Deputy Prime Minister of Montenegro
- In office July 2, 2001 – January 8, 2003 Serving with Dragan Đurović, Žarko Rakčević
- Prime Minister: Filip Vujanović
- In office January 8, 2003 – November 10, 2006 Serving with Dragan Đurović, Jusuf Kalamperović, Miroslav Ivanišević
- Prime Minister: Milo Đukanović

Personal details
- Born: 1961 (age 64–65) Bar, FPR Yugoslavia (now Bar, Montenegro)
- Party: Democratic Party of Socialists
- Spouse: Marijana Gvozdenović
- Children: Marko, Marija
- Alma mater: University of Montenegro
- Profession: Politician

= Branimir Gvozdenović =

Montenegrin politician

Branimir Gvozdenović (Бранимир Гвозденовић; born 1961) is a Montenegrin politician who has served as Deputy Prime Minister in the Government of Montenegro, as well as Minister of Economic Development, Minister of Spatial Planning and Environment, and Minister of Sustainable Development and Tourism, in several DPS-led governments between 1990s and 2016. Gvozdenović most recently served as the Deputy Speaker of the Parliament of Montenegro, from 2016 until 2020. He's a high-ranking member of the DPS, which ruled Montenegro since 1990 until 2020 parliamentary election.

== Political career ==
Gvozdenović served three terms as Deputy Prime Minister, beginning in 2003 as part of the cabinet of Prime Minister Filip Vujanović and then continuing for Prime Minister Milo Đukanović.

On February 29, 2008, Gvozdenović was appointed Minister for Economic Development.
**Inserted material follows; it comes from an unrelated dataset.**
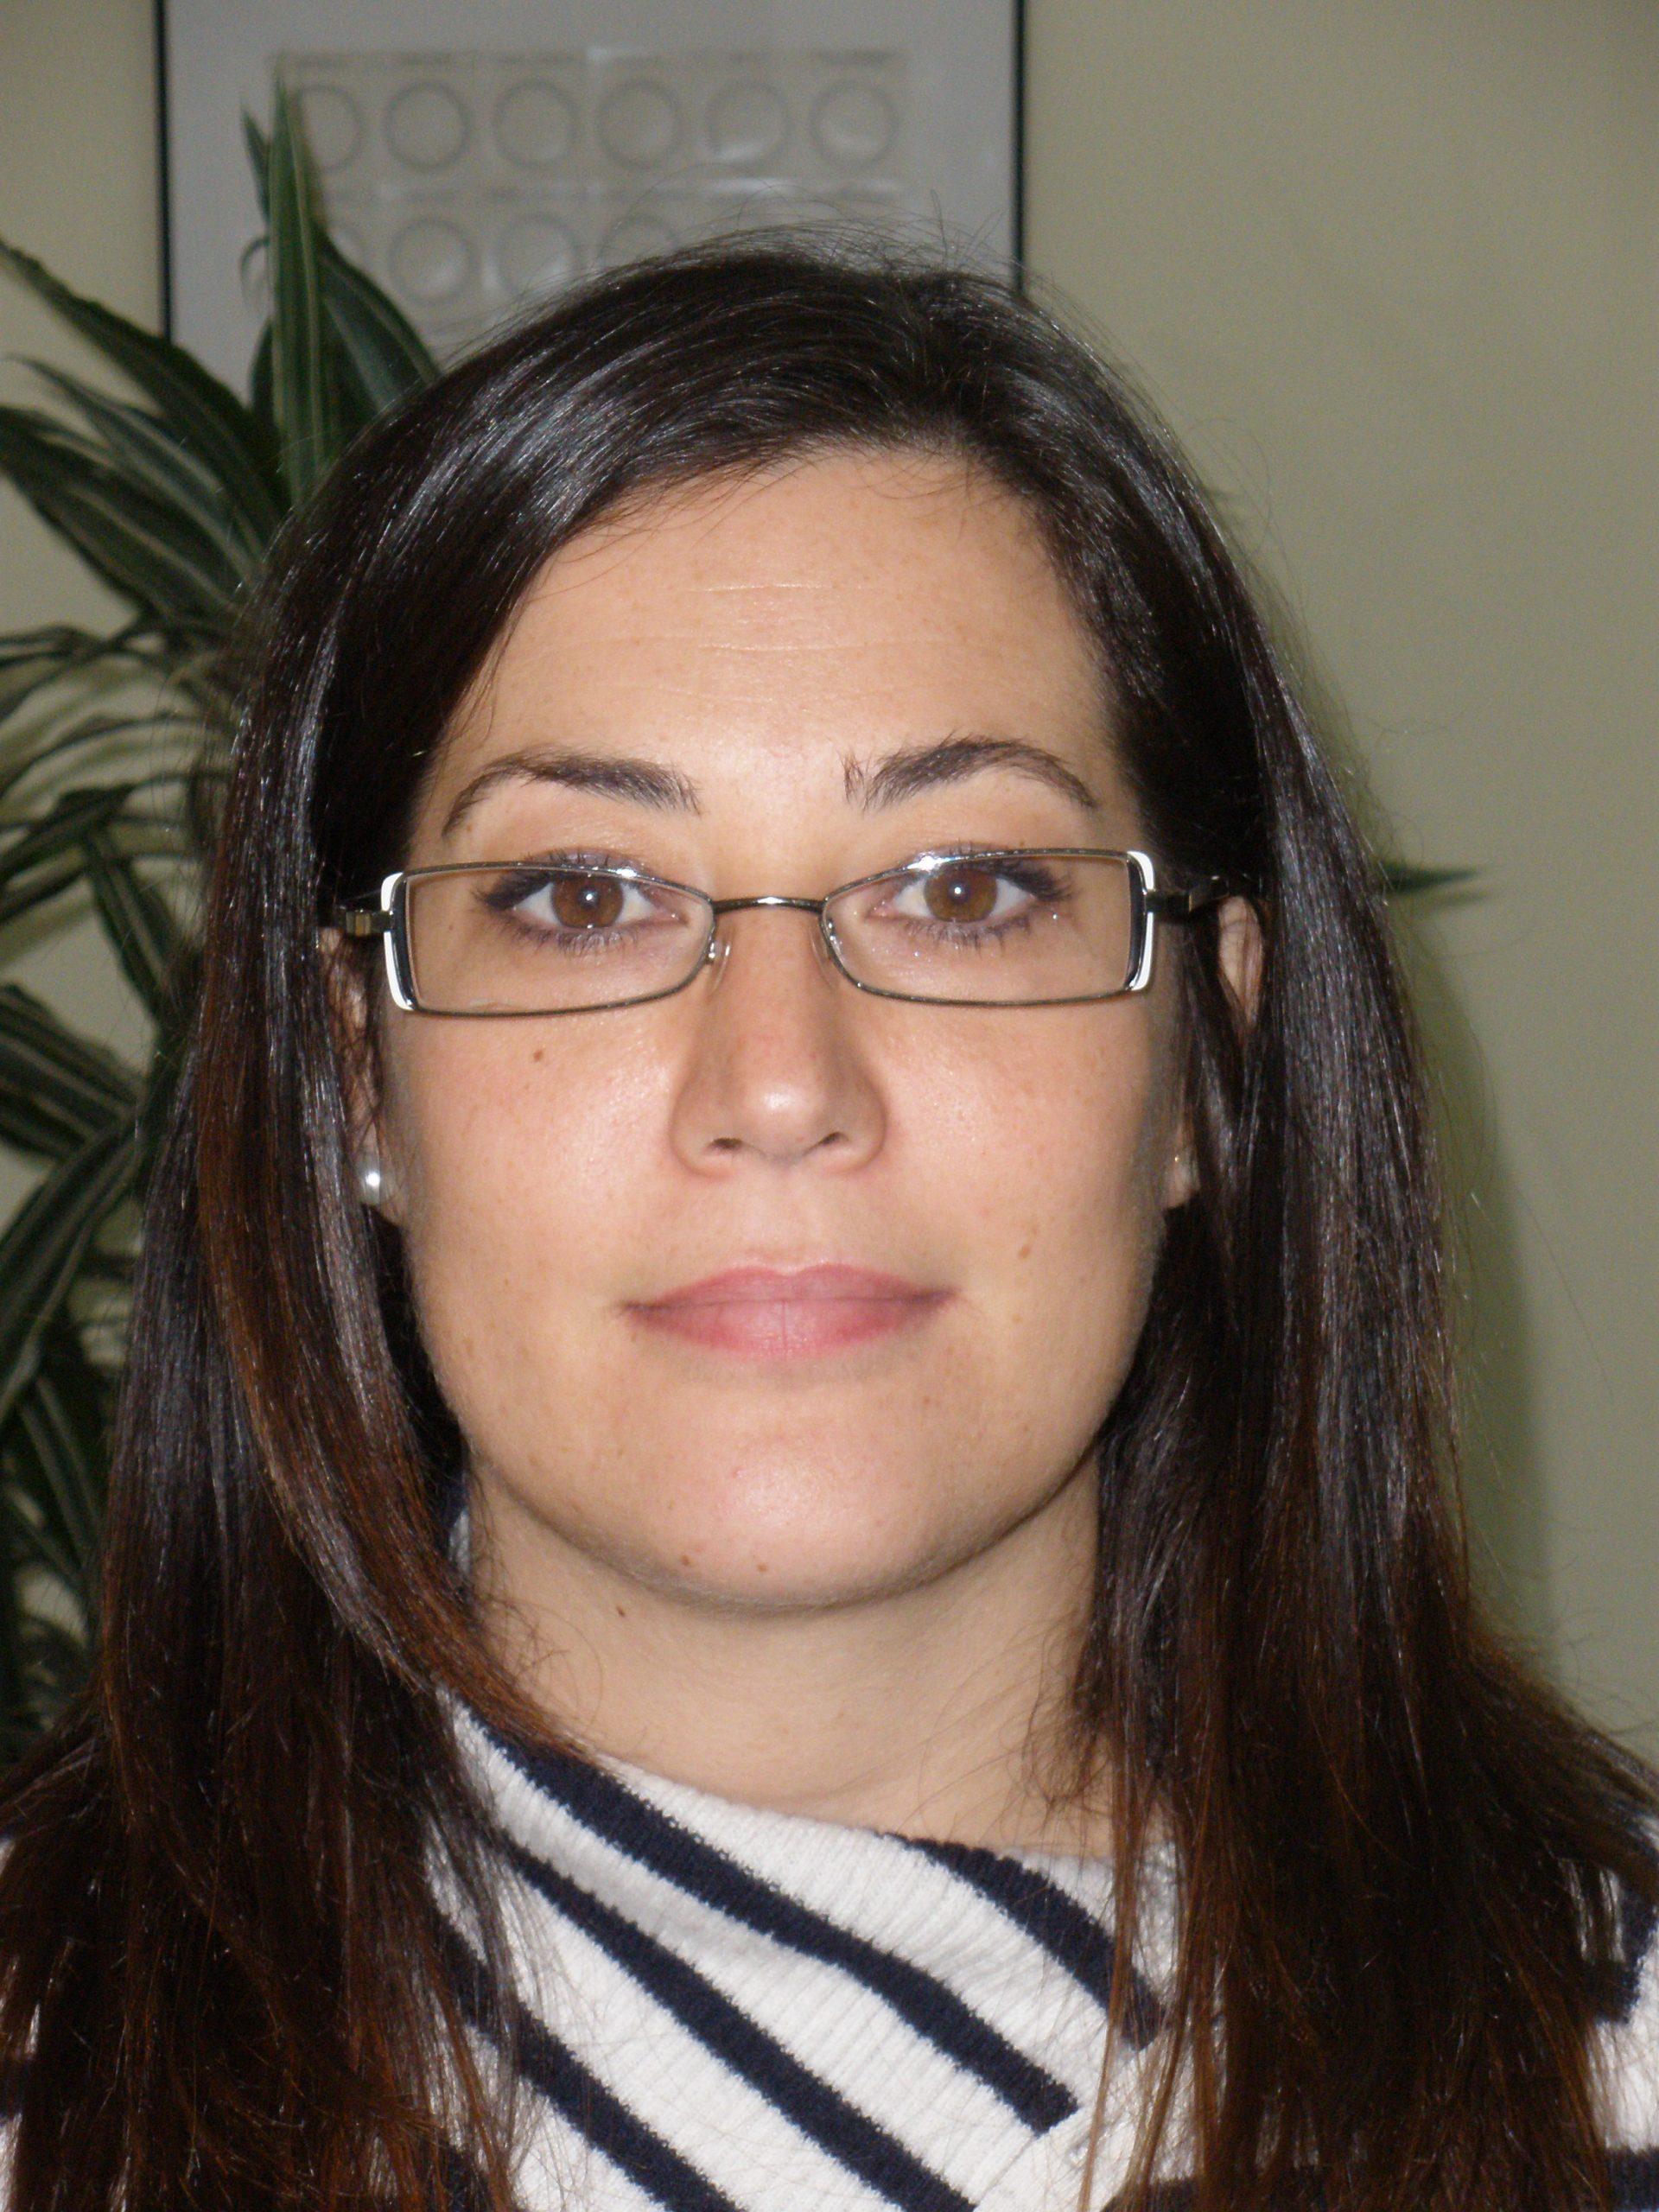 Ana Angulo Prado

He held that post until June 9, 2009, when he was appointed Minister of Spatial Planning and Environment.

In 2010, Gvozdenović was the Political Director of the ruling Democratic Party of Socialists, a post he held until December 4, 2012, when he was appointed Minister of Sustainable Development and Tourism.

== Personal life ==
Gvozdenović has an electrical engineering degree from the University of Podgorica. He is married to Marijana, and has 2 children: Marko and Marija. He is the uncle of Canadian tennis player Milos Raonic.